Directions — Exact copies of all the lines below are required, with the pictures omitted.
── Recorded data
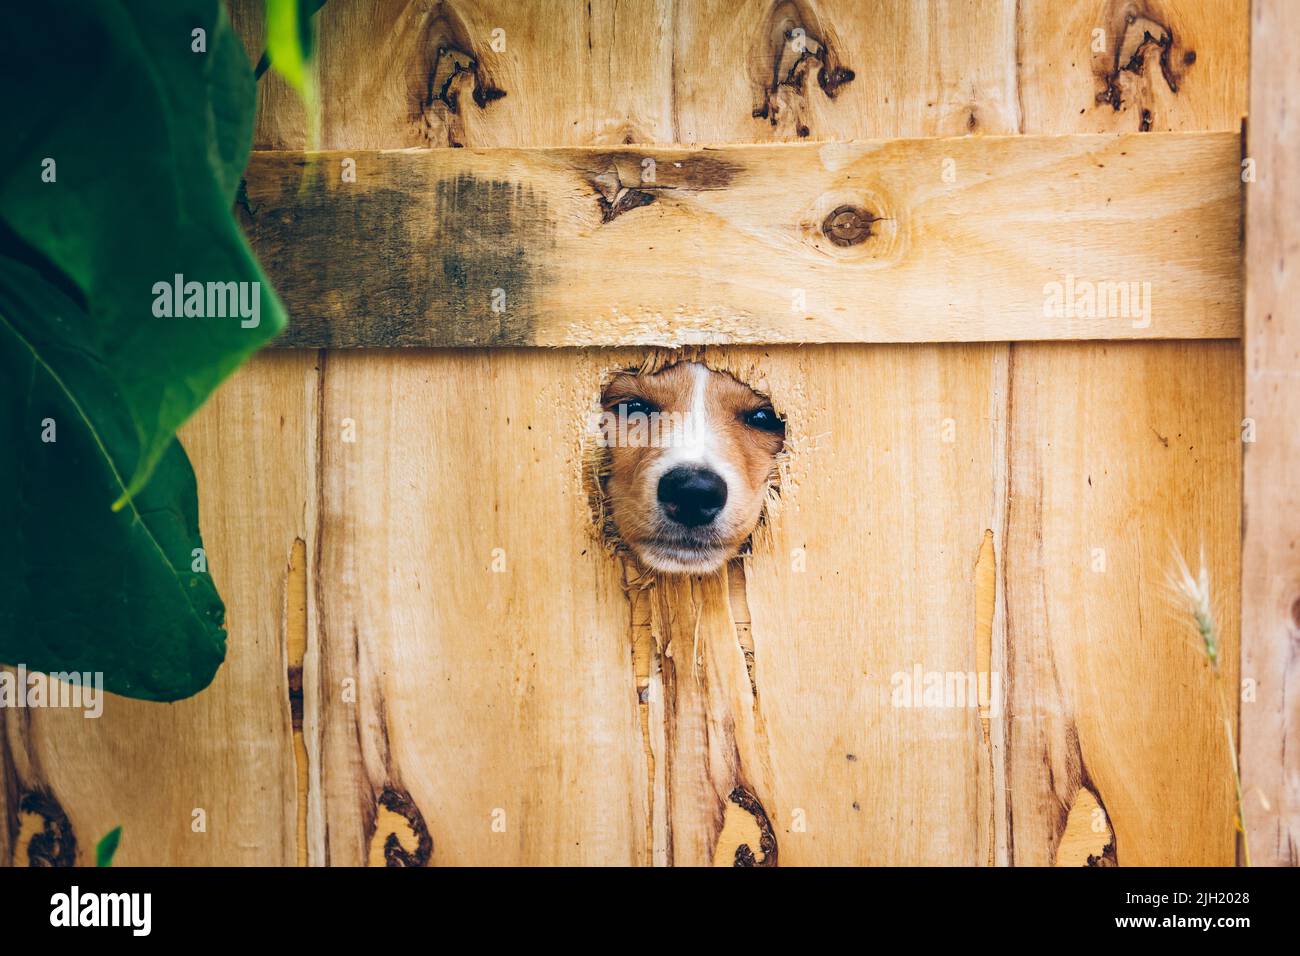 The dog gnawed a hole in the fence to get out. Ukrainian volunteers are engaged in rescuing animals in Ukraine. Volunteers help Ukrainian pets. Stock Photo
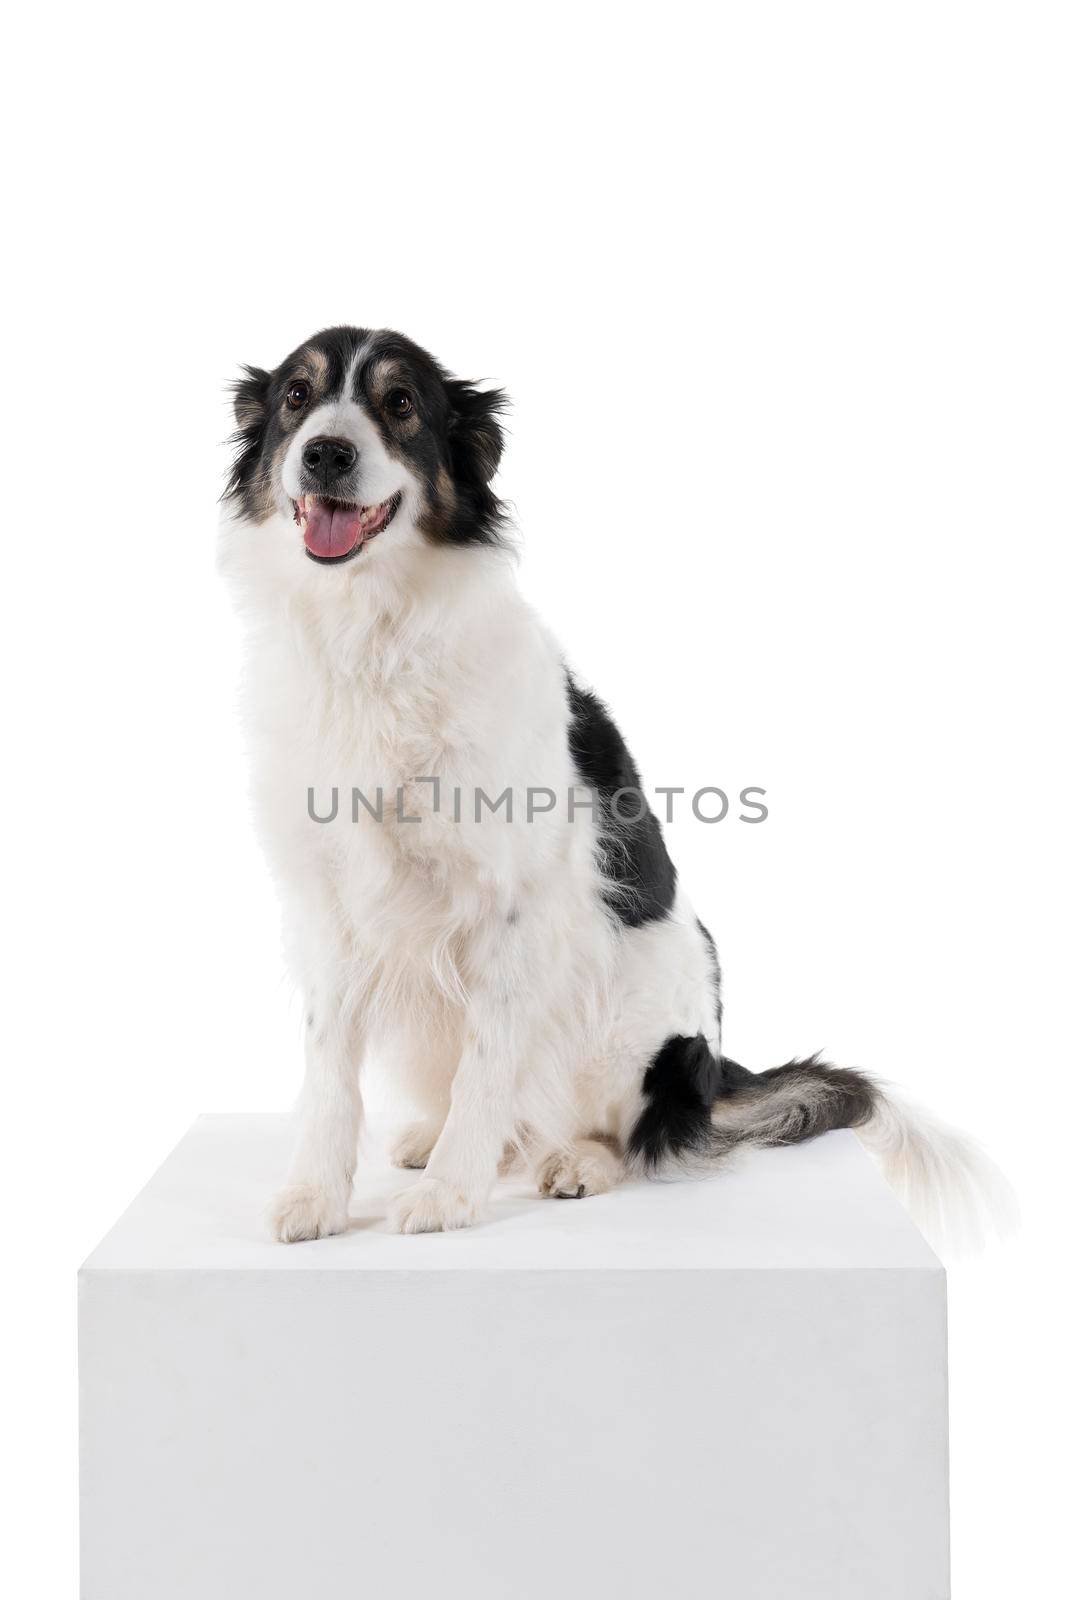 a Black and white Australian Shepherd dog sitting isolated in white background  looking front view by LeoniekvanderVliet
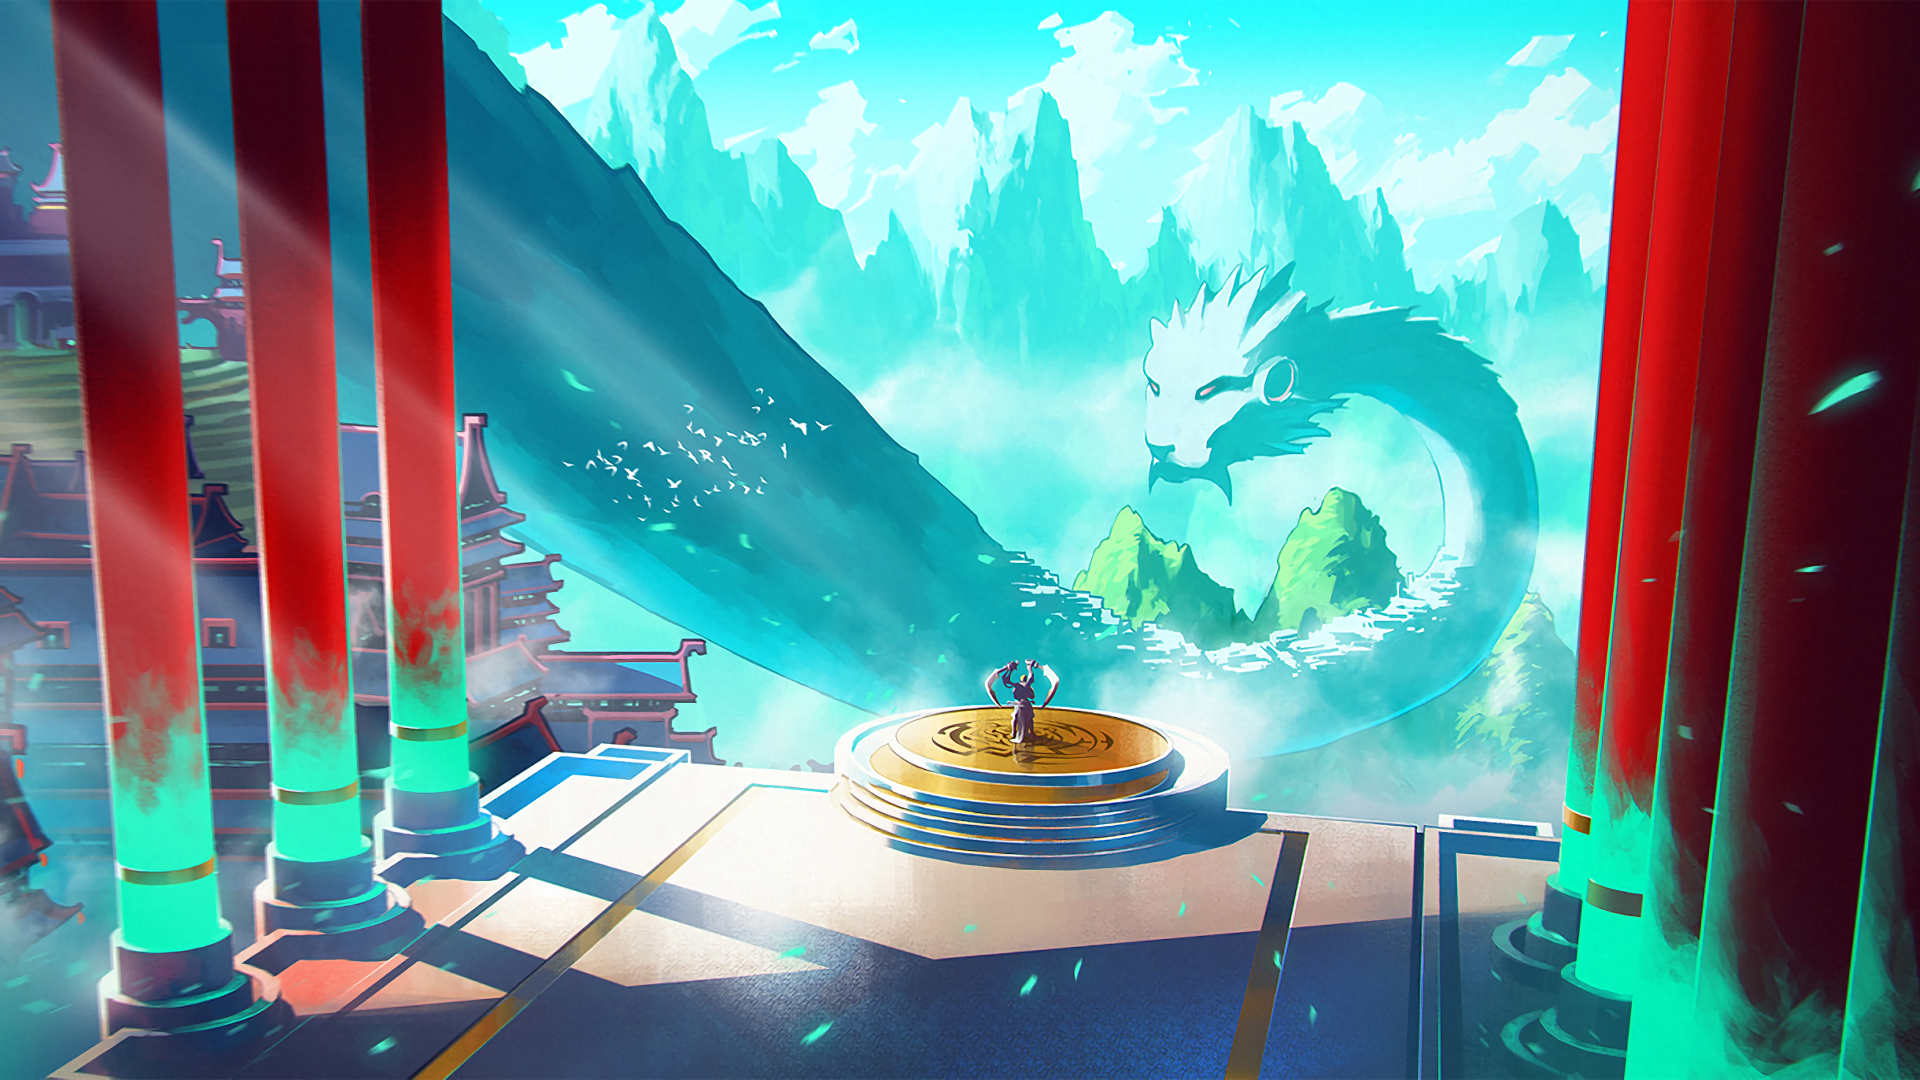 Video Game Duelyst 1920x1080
────
Task result —
 The dog gnawed a hole in the fence to get out. Ukrainian volunteers are engaged in rescuing animals in Ukraine. Volunteers help Ukrainian pets. Stock Photo
 a Black and white Australian Shepherd dog sitting isolated in white background  looking front view by LeoniekvanderVliet
 Video Game Duelyst 1920x1080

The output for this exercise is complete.